Like they were being swallowed.

But none of them hesitated.

Not even her.

Meanwhile...

Deep within the nest, far below the upper tunnels, the Spider Lord remained still.

He hadn’t twitched in minutes. His long, bladed limbs hung motionless around the throne of bone and silk.

But he was thinking.

Watching.

And waiting.

The web threads stretched around him like nerves—each one carrying faint pulses of activity from different sections of the cavern.

Earlier, they had buzzed with motion.

The two surface teams—Alpha and Beta—had triggered all kinds of movement: echoes of footsteps, mana surges, and slight tremors from equipment.

But now?

Nothing.

The signals had gone quiet.

Not gone. Just... dull.

Dim.

Muted, as if the teams were still there, but not doing anything.

He didn’t understand it.

Although he does not understand these bipeds, he does not think they will stay quiet like this and do nothing.

Something was off.

He clicked his mandibles once.

A quiet warning to no one but himself.

He had already sent scouts to flank the two teams earlier, small drones built to move between rocks and web channels without detection.

They reported minimal resistance. The humans were slow. Waiting. Maybe scared.

But now?

Even the scouts had gone quiet.

The sensory web—the nest’s inner detection layer built from refined magic particles—had thinned in several places.

Not broken.

Just... blurred.

That wasn’t normal.

He reached out mentally, brushing his will against the core node embedded in the throne beneath him.

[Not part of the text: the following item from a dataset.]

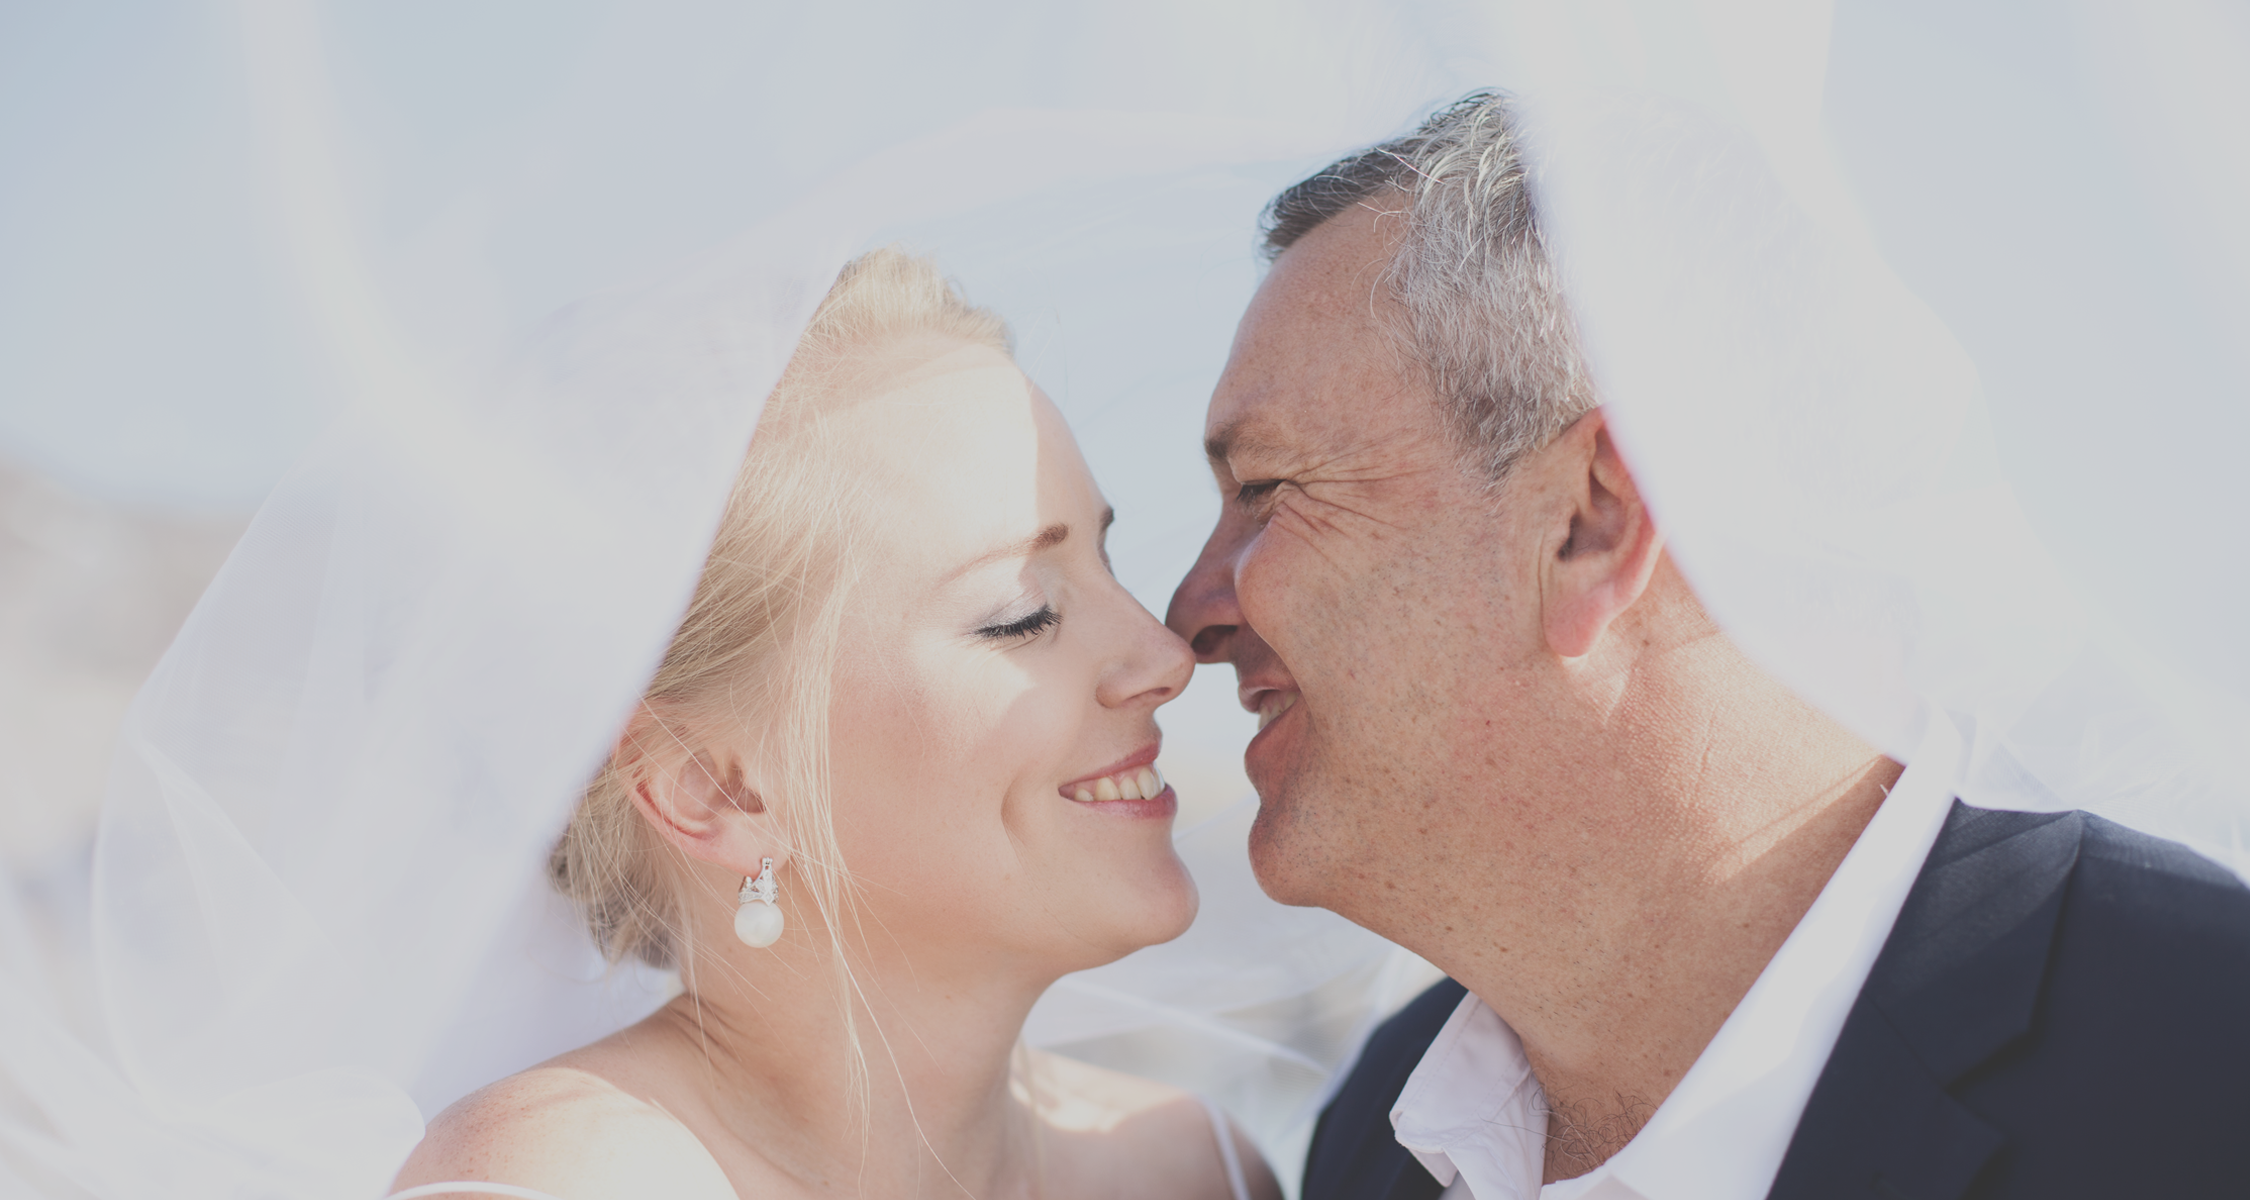 Wilma-Kotze-Photography-Altus-Dorinda-Wedding0019
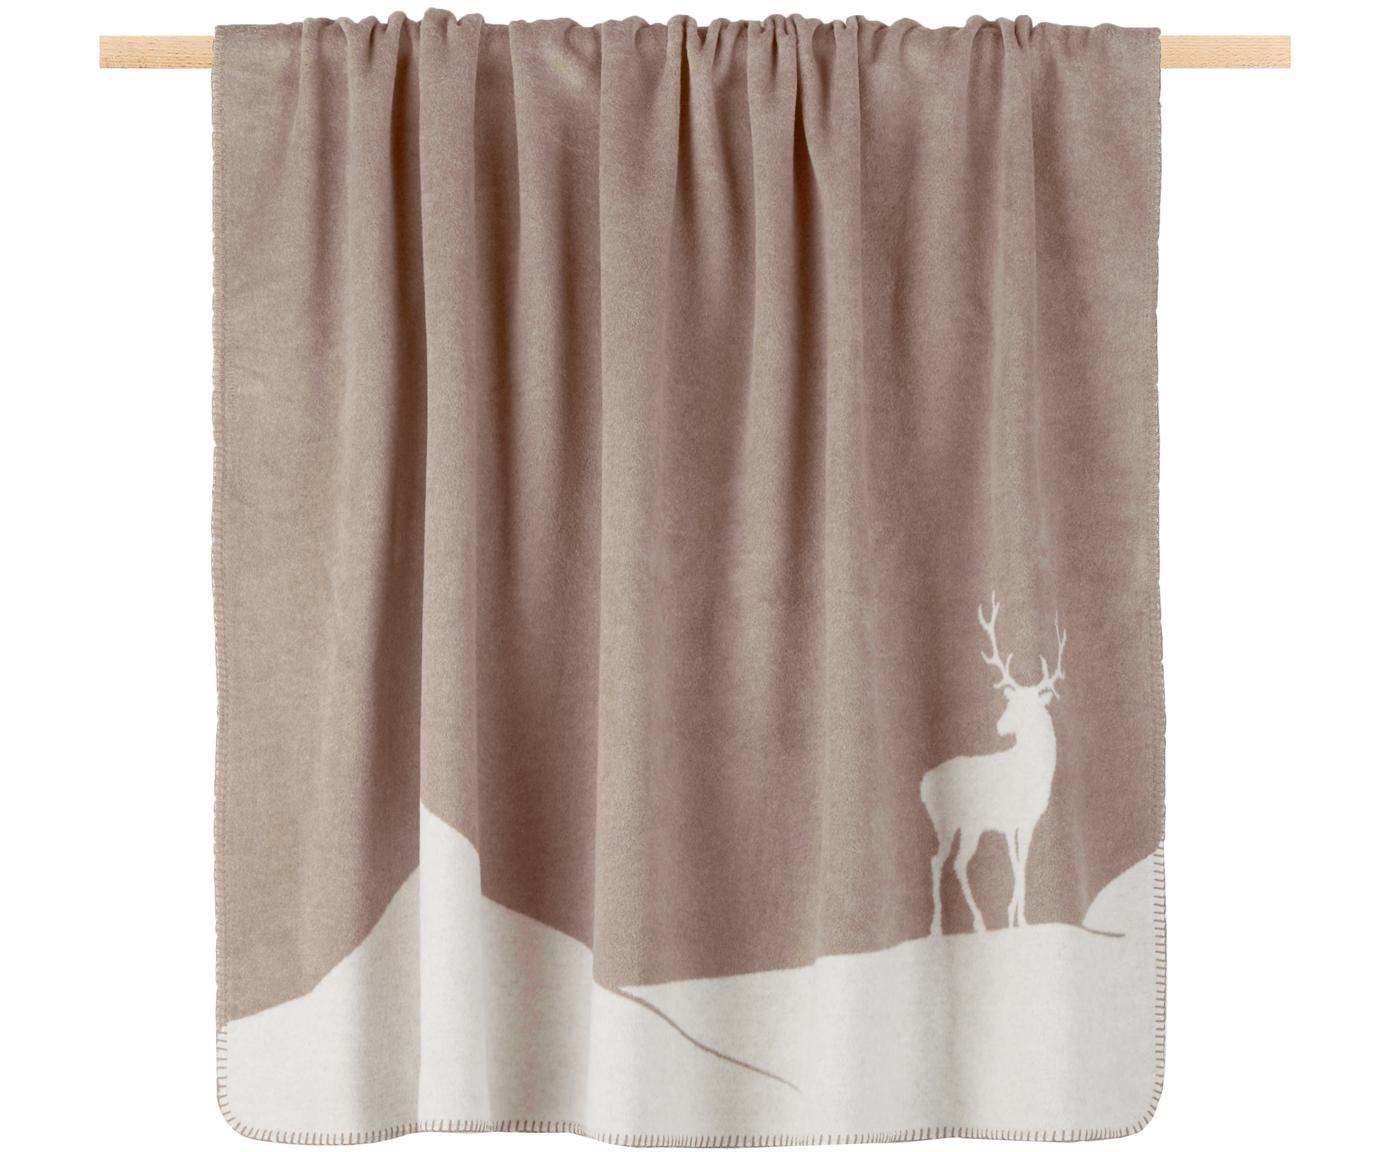 Plaid reversibile in pile con cervo Savona Hirsch, Tessuto: Jacquard, Beige, bianco, Larg. 150 x Lung. 200 cm

The feedback came instantly—data streams feeding into his awareness through the living network.

Still no clear alerts.

Still no visual relay.

But the air felt wrong.

Something had brushed the detection layer.

Lightly.

Like a ripple in still water.

Just enough to be noticed—but not enough to trace.

His clawed fingers curled against the bone of the throne.

The detection web wasn’t just for sensing movement. It tracked flow—mana particles, pressure shifts, body heat, and even emotion.

And now?

It wasn’t showing movement.

It was showing fluctuation.

Tiny, inconsistent fluctuations in mana density... scattered in two locations.

And both of these came from the same path that these two bipedal teams took to come inside, so he knows for sure that it had something to do with them.

But the problem is just quiet, too quiet.

The kind of quiet you get when someone erases their presence.

He sent out a new command—deeper, sharper.

More scouts.

Different ones.

Smaller bodies.

Tuned for fluctuation tracking, not visuals.

They skittered out like shadows, crawling between cracks, vanishing into the deeper web channels—but he already knew it wouldn’t help.

Because whatever was hiding in his nest...

...was using the same material that his website depended on.

Magic particles.

What he didn’t know is that it is his own system, designed to detect through mana, that was being clouded by suits that masked themselves using those very same threads of reality.

It didn’t make them invisible.

It made them invisible to him.

The thought made his jaw tighten.

This wasn’t a normal infiltration.

This was planned.

And it was working.

His scouts reported nothing again.

No enemy signatures.

No visual cues.

No biological disturbances.

But that pressure in his chest stayed.

A weight he couldn’t explain.

Not from logic.

From instinct.

From the part of him that had survived ambushes before he could even speak back when he was one molt away from being eaten in his sleep.